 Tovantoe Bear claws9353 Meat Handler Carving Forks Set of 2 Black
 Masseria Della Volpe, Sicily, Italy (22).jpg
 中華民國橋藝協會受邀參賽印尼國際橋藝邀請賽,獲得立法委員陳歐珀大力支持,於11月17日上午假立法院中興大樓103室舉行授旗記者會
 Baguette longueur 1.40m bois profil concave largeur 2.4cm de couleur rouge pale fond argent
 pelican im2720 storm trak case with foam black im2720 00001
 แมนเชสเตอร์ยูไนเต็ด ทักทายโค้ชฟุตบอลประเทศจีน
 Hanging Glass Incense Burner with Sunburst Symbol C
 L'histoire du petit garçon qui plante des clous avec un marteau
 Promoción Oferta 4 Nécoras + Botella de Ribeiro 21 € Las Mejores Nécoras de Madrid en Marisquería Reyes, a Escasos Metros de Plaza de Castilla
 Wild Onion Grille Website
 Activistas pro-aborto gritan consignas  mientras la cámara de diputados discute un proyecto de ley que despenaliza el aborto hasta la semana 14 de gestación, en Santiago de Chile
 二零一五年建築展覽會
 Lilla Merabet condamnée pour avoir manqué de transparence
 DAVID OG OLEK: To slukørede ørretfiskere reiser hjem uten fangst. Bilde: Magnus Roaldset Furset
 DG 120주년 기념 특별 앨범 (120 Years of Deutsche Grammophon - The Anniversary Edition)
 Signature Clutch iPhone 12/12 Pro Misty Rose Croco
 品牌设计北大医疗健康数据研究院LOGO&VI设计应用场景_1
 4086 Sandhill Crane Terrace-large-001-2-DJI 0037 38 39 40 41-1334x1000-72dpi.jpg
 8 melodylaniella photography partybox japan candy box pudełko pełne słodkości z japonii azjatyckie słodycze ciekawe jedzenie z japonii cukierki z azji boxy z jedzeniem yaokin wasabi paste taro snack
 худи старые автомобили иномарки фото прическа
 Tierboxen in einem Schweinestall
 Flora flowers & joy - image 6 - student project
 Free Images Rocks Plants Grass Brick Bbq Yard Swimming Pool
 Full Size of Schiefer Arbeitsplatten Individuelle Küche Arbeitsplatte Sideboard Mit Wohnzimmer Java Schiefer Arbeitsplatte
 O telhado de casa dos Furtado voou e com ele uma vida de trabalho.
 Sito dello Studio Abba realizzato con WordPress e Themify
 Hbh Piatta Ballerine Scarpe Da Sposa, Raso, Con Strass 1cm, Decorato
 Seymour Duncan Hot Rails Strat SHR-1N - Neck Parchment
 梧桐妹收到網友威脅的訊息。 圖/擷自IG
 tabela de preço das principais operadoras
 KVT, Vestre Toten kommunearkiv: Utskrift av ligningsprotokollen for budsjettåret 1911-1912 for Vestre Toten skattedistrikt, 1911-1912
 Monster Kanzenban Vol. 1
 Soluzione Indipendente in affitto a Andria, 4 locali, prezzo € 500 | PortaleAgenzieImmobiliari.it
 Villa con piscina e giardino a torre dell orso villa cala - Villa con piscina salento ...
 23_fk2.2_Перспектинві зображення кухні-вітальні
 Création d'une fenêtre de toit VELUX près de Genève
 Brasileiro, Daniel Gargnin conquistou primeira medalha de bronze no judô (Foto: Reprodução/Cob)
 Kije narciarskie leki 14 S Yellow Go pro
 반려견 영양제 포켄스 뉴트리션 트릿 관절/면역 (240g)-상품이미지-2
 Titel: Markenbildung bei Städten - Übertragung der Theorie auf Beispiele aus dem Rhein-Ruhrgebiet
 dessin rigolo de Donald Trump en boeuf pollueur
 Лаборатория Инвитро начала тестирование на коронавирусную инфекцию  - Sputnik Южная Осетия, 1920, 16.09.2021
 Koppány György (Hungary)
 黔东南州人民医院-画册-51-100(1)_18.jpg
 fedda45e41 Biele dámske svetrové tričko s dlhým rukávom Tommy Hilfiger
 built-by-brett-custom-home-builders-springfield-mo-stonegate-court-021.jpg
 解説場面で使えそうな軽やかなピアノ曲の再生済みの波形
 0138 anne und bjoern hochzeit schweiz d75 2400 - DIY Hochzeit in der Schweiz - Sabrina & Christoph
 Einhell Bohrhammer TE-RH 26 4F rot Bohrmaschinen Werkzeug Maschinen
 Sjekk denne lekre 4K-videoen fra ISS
* * * *
▶ _Task to carry out_
Repeat the whole listing, keeping every word exact.

▶ _Answer for the task_
 Tovantoe Bear claws9353 Meat Handler Carving Forks Set of 2 Black
 Masseria Della Volpe, Sicily, Italy (22).jpg
 中華民國橋藝協會受邀參賽印尼國際橋藝邀請賽,獲得立法委員陳歐珀大力支持,於11月17日上午假立法院中興大樓103室舉行授旗記者會
 Baguette longueur 1.40m bois profil concave largeur 2.4cm de couleur rouge pale fond argent
 pelican im2720 storm trak case with foam black im2720 00001
 แมนเชสเตอร์ยูไนเต็ด ทักทายโค้ชฟุตบอลประเทศจีน
 Hanging Glass Incense Burner with Sunburst Symbol C
 L'histoire du petit garçon qui plante des clous avec un marteau
 Promoción Oferta 4 Nécoras + Botella de Ribeiro 21 € Las Mejores Nécoras de Madrid en Marisquería Reyes, a Escasos Metros de Plaza de Castilla
 Wild Onion Grille Website
 Activistas pro-aborto gritan consignas  mientras la cámara de diputados discute un proyecto de ley que despenaliza el aborto hasta la semana 14 de gestación, en Santiago de Chile
 二零一五年建築展覽會
 Lilla Merabet condamnée pour avoir manqué de transparence
 DAVID OG OLEK: To slukørede ørretfiskere reiser hjem uten fangst. Bilde: Magnus Roaldset Furset
 DG 120주년 기념 특별 앨범 (120 Years of Deutsche Grammophon - The Anniversary Edition)
 Signature Clutch iPhone 12/12 Pro Misty Rose Croco
 品牌设计北大医疗健康数据研究院LOGO&VI设计应用场景_1
 4086 Sandhill Crane Terrace-large-001-2-DJI 0037 38 39 40 41-1334x1000-72dpi.jpg
 8 melodylaniella photography partybox japan candy box pudełko pełne słodkości z japonii azjatyckie słodycze ciekawe jedzenie z japonii cukierki z azji boxy z jedzeniem yaokin wasabi paste taro snack
 худи старые автомобили иномарки фото прическа
 Tierboxen in einem Schweinestall
 Flora flowers & joy - image 6 - student project
 Free Images Rocks Plants Grass Brick Bbq Yard Swimming Pool
 Full Size of Schiefer Arbeitsplatten Individuelle Küche Arbeitsplatte Sideboard Mit Wohnzimmer Java Schiefer Arbeitsplatte
 O telhado de casa dos Furtado voou e com ele uma vida de trabalho.
 Sito dello Studio Abba realizzato con WordPress e Themify
 Hbh Piatta Ballerine Scarpe Da Sposa, Raso, Con Strass 1cm, Decorato
 Seymour Duncan Hot Rails Strat SHR-1N - Neck Parchment
 梧桐妹收到網友威脅的訊息。 圖/擷自IG
 tabela de preço das principais operadoras
 KVT, Vestre Toten kommunearkiv: Utskrift av ligningsprotokollen for budsjettåret 1911-1912 for Vestre Toten skattedistrikt, 1911-1912
 Monster Kanzenban Vol. 1
 Soluzione Indipendente in affitto a Andria, 4 locali, prezzo € 500 | PortaleAgenzieImmobiliari.it
 Villa con piscina e giardino a torre dell orso villa cala - Villa con piscina salento ...
 23_fk2.2_Перспектинві зображення кухні-вітальні
 Création d'une fenêtre de toit VELUX près de Genève
 Brasileiro, Daniel Gargnin conquistou primeira medalha de bronze no judô (Foto: Reprodução/Cob)
 Kije narciarskie leki 14 S Yellow Go pro
 반려견 영양제 포켄스 뉴트리션 트릿 관절/면역 (240g)-상품이미지-2
 Titel: Markenbildung bei Städten - Übertragung der Theorie auf Beispiele aus dem Rhein-Ruhrgebiet
 dessin rigolo de Donald Trump en boeuf pollueur
 Лаборатория Инвитро начала тестирование на коронавирусную инфекцию  - Sputnik Южная Осетия, 1920, 16.09.2021
 Koppány György (Hungary)
 黔东南州人民医院-画册-51-100(1)_18.jpg
 fedda45e41 Biele dámske svetrové tričko s dlhým rukávom Tommy Hilfiger
 built-by-brett-custom-home-builders-springfield-mo-stonegate-court-021.jpg
 解説場面で使えそうな軽やかなピアノ曲の再生済みの波形
 0138 anne und bjoern hochzeit schweiz d75 2400 - DIY Hochzeit in der Schweiz - Sabrina & Christoph
 Einhell Bohrhammer TE-RH 26 4F rot Bohrmaschinen Werkzeug Maschinen
 Sjekk denne lekre 4K-videoen fra ISS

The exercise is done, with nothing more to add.